Technology offering privacy solutions

This article was originally published on June 13, 2000 by SignOn San Diego and Copley News Service.

One of the bigger worries facing folks who venture online is privacy – how much personal info are businesses gathering about them while they browse, how much of their private behavior is really private?

Before the Internet was opened to the public by Congress a decade ago, most folks who went online did so via dial-up bulletin board systems (BBSs). Many, perhaps most, BBS system operators (or sysops) required at least a valid telephone number before granting you access. Even in those less-worrisome times, when most folks who ventured online were savvy computer hobbyists and cyberspace had more of the feel of a private club, requesting phone numbers or even addresses caused quite a controversy.

At about the same time the Internet was made public, Phil Zimmerman introduced his groundbreaking encryption program, Pretty Good Privacy. With PGP, anyone with a personal computer could make it nearly impossible for anyone else to read their e-mail or attached word processor documents unless you'd been granted access by the sender. But PGP had a rather arcane command-line interface – programmers and other techheads loved it, the general public was too confused to use it.

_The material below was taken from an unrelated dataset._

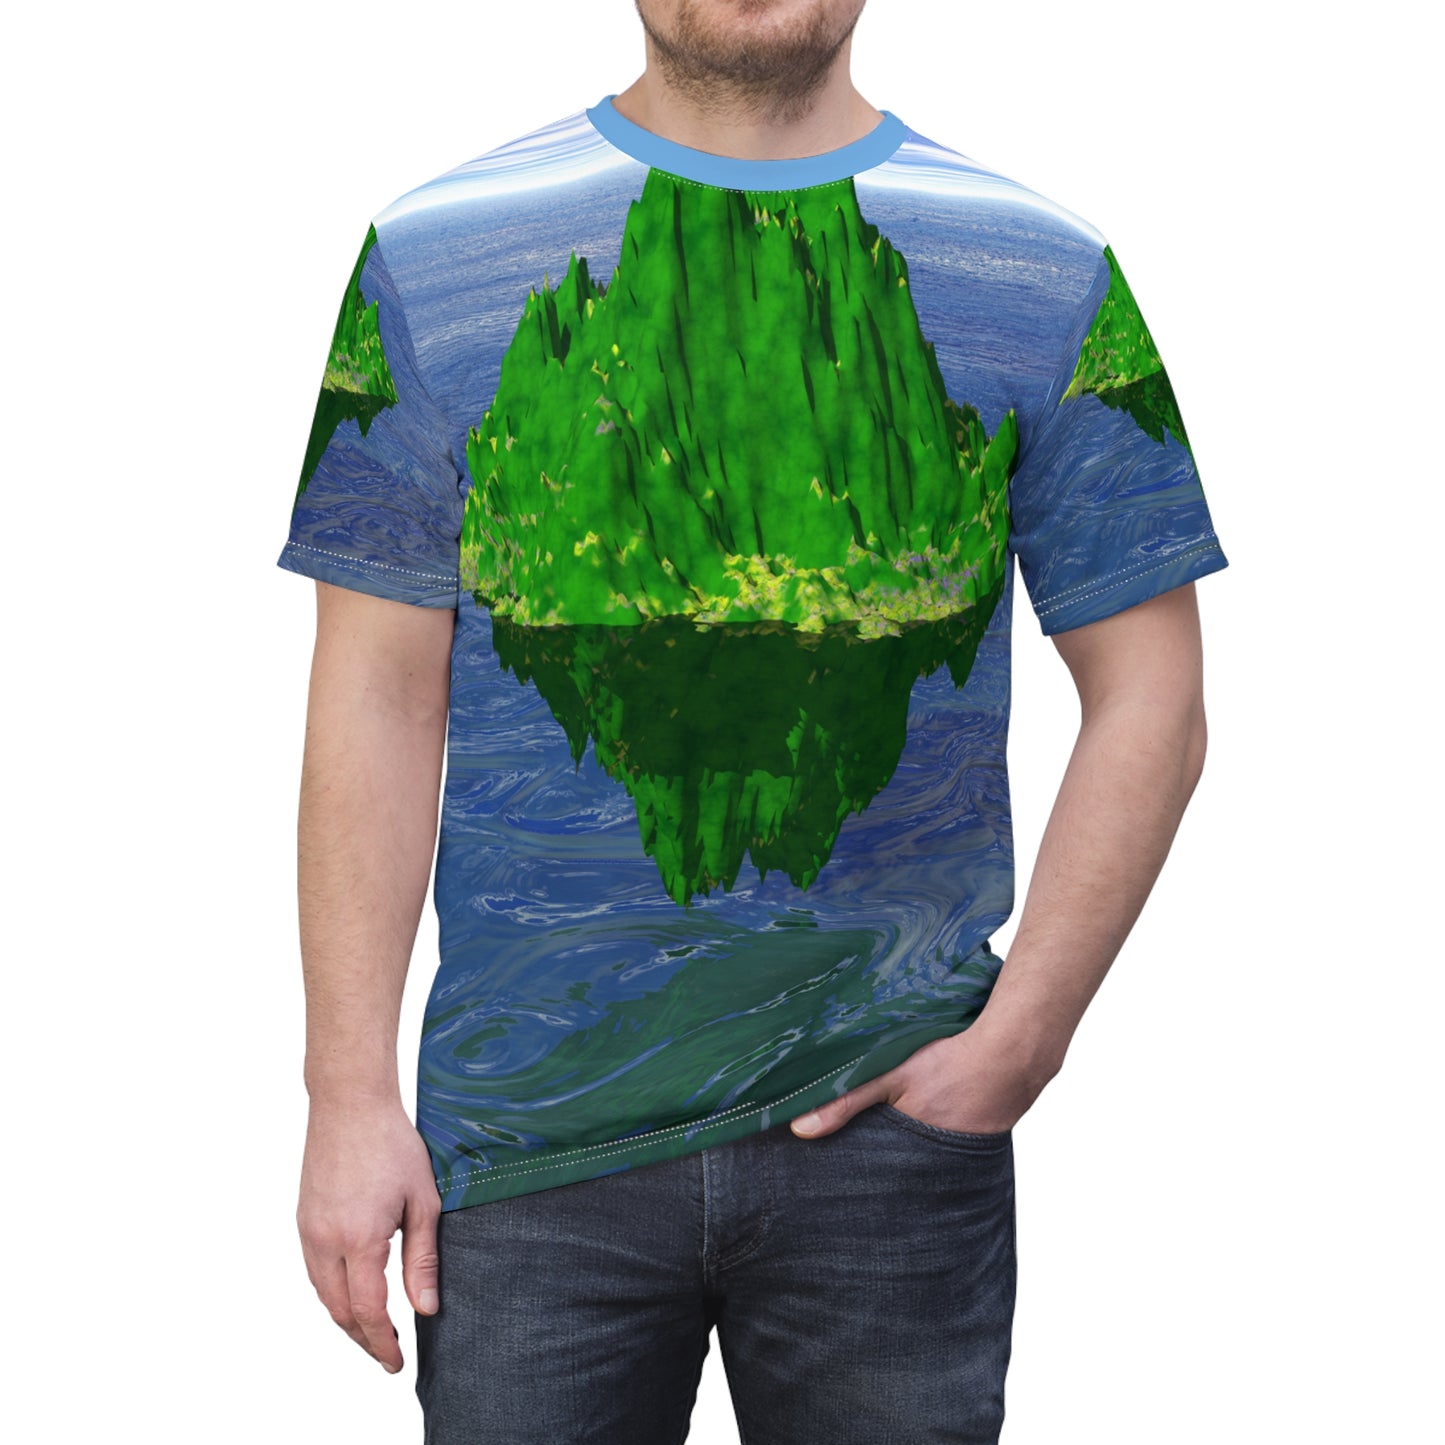 The Floating Island Unisex T-Shirt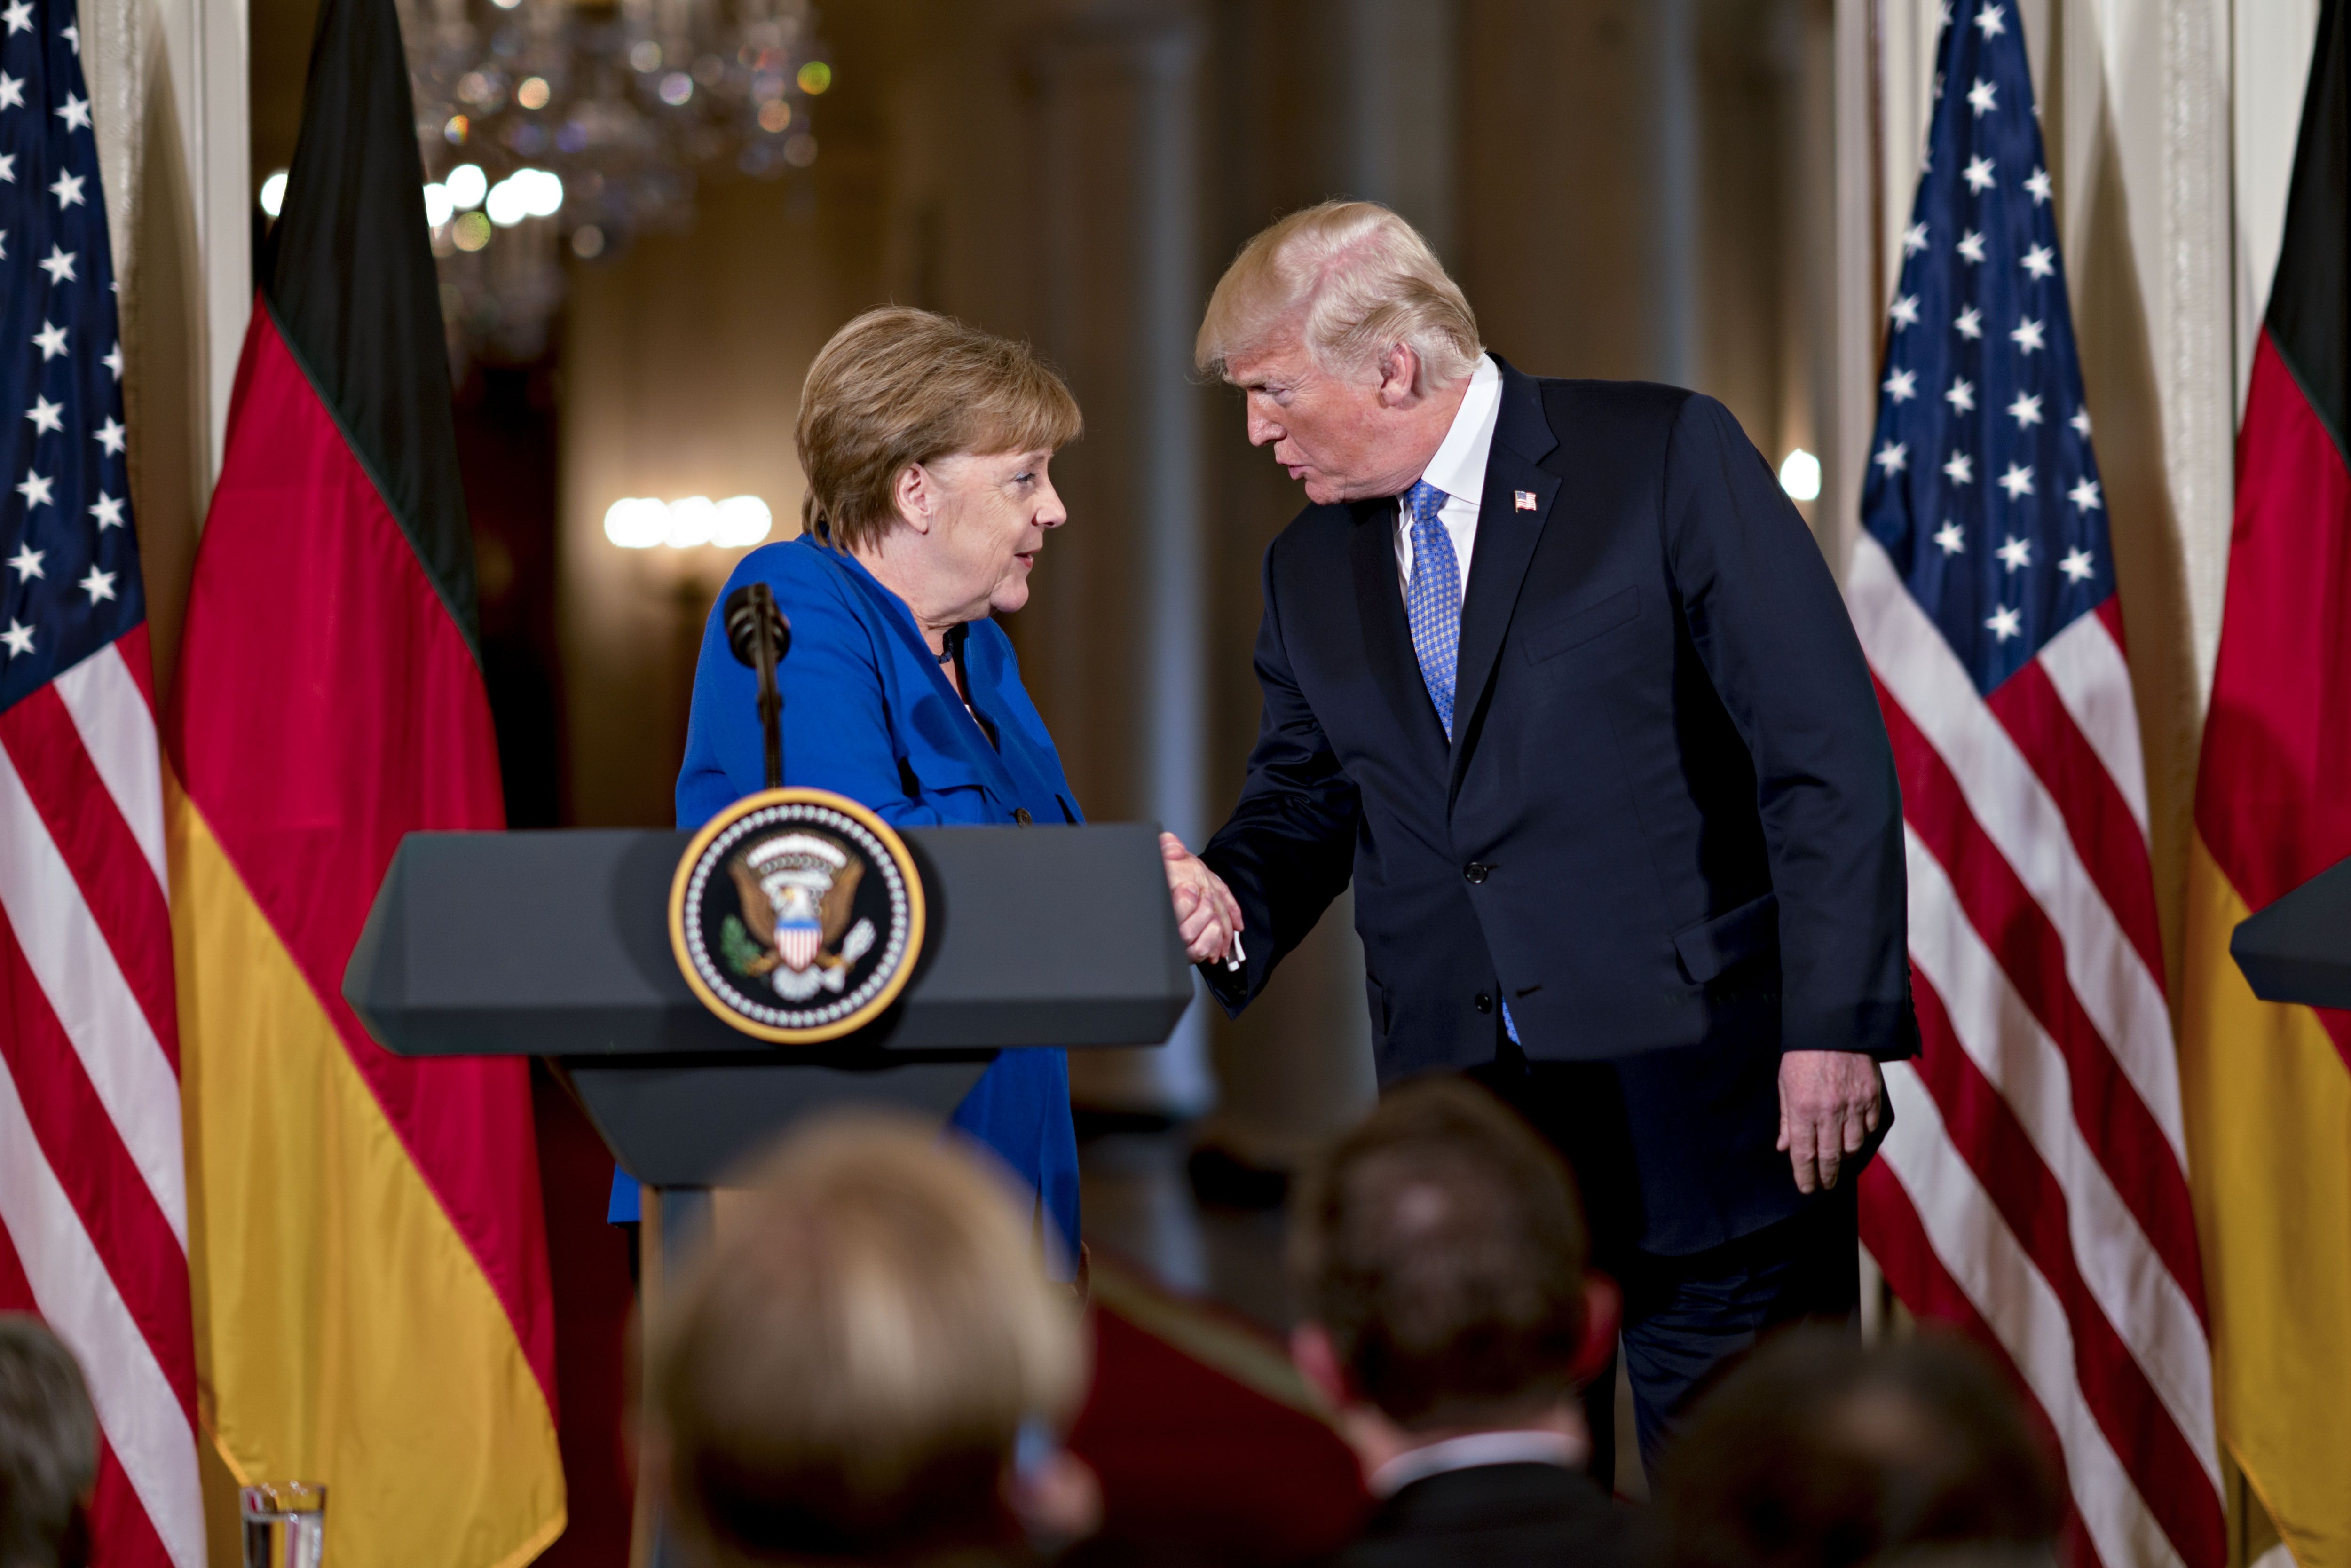 Una investigación periodística reveló el despectivo apodo que Donald Trump le puso a la ex canciller alemana Angela Merkel

And besides, the government pressed charges against Zimmerman for supposedly breaking encryption export laws by making PGP available online, which had the effect of making the general consumer a bit worried about using the program. (Under unrelenting pressure from civil libertarians, free-speech advocates and the media, the government finally dropped charges against Zimmerman. PGP is still available, with a much easier to use interface.)

Another early effort to help folks protect their privacy online came in 1993 from Finland, where Johan Helsingius wrote an anonymous e-mail server he ran from anon.penet.fi. But a Finnish court ordered Helsingius to turn over the true identity of one of his subscribers, and he shut the service down shortly after in protest.

Other services offering various forms and levels of online anonymity have also seen courts order them to identify customers for one reason or another, forcing a recognition that anonymizing services don't always deliver what they promise – that to date most anonymizing software has forced the company providing the privacy service to keep in-house records in order to make the whole system work.

All of which means that while using these services may prevent the operators of Web sites you visit from identifying you, should you end up in court or find yourself the target of police investigation, your online records may yet become public.

Congress has, as one might expect, jumped into the issue – proposing all sorts of different laws that would do everything from guarantee online anonymity to prohibit online anonymity. God help anyone looking to Washington for clarity.

While counting on technology to be our savior is rarely wise, it might be less naïve than depending on politicians. And a new software program out seems to offer the most privacy protection yet.

The folks at Zero-Knowledge Systems have a new privacy client out called Freedom 1.1. Although it's only available for Windows 95 and 98, it does – according to technical folks who understand far more of this stuff than I – seem to offer real privacy.

Freedom 1.1 does this by using randomly generated pseudonyms – even if subpoenaed by a judge, the folks at Zero-Knowledge have no way of knowing which particular user did what on their servers.

The one drawback to the program is that it won't work over a lot of corporate firewalls. But if you're trying to protect your company's private business dealings from prying eyes, it's likely that at least some accounts could be set up by a good systems department to allow for the use of Freedom 1.1. And it should work for most folks at home, although it doesn't work with AOL or CompuServe.

The fact that Freedom 1.1 is secure from itself doesn't mean, however, that clever programmers won't find a way to monitor those using it. But for now, it would seem to be one of the more secure methods of protecting your privacy online.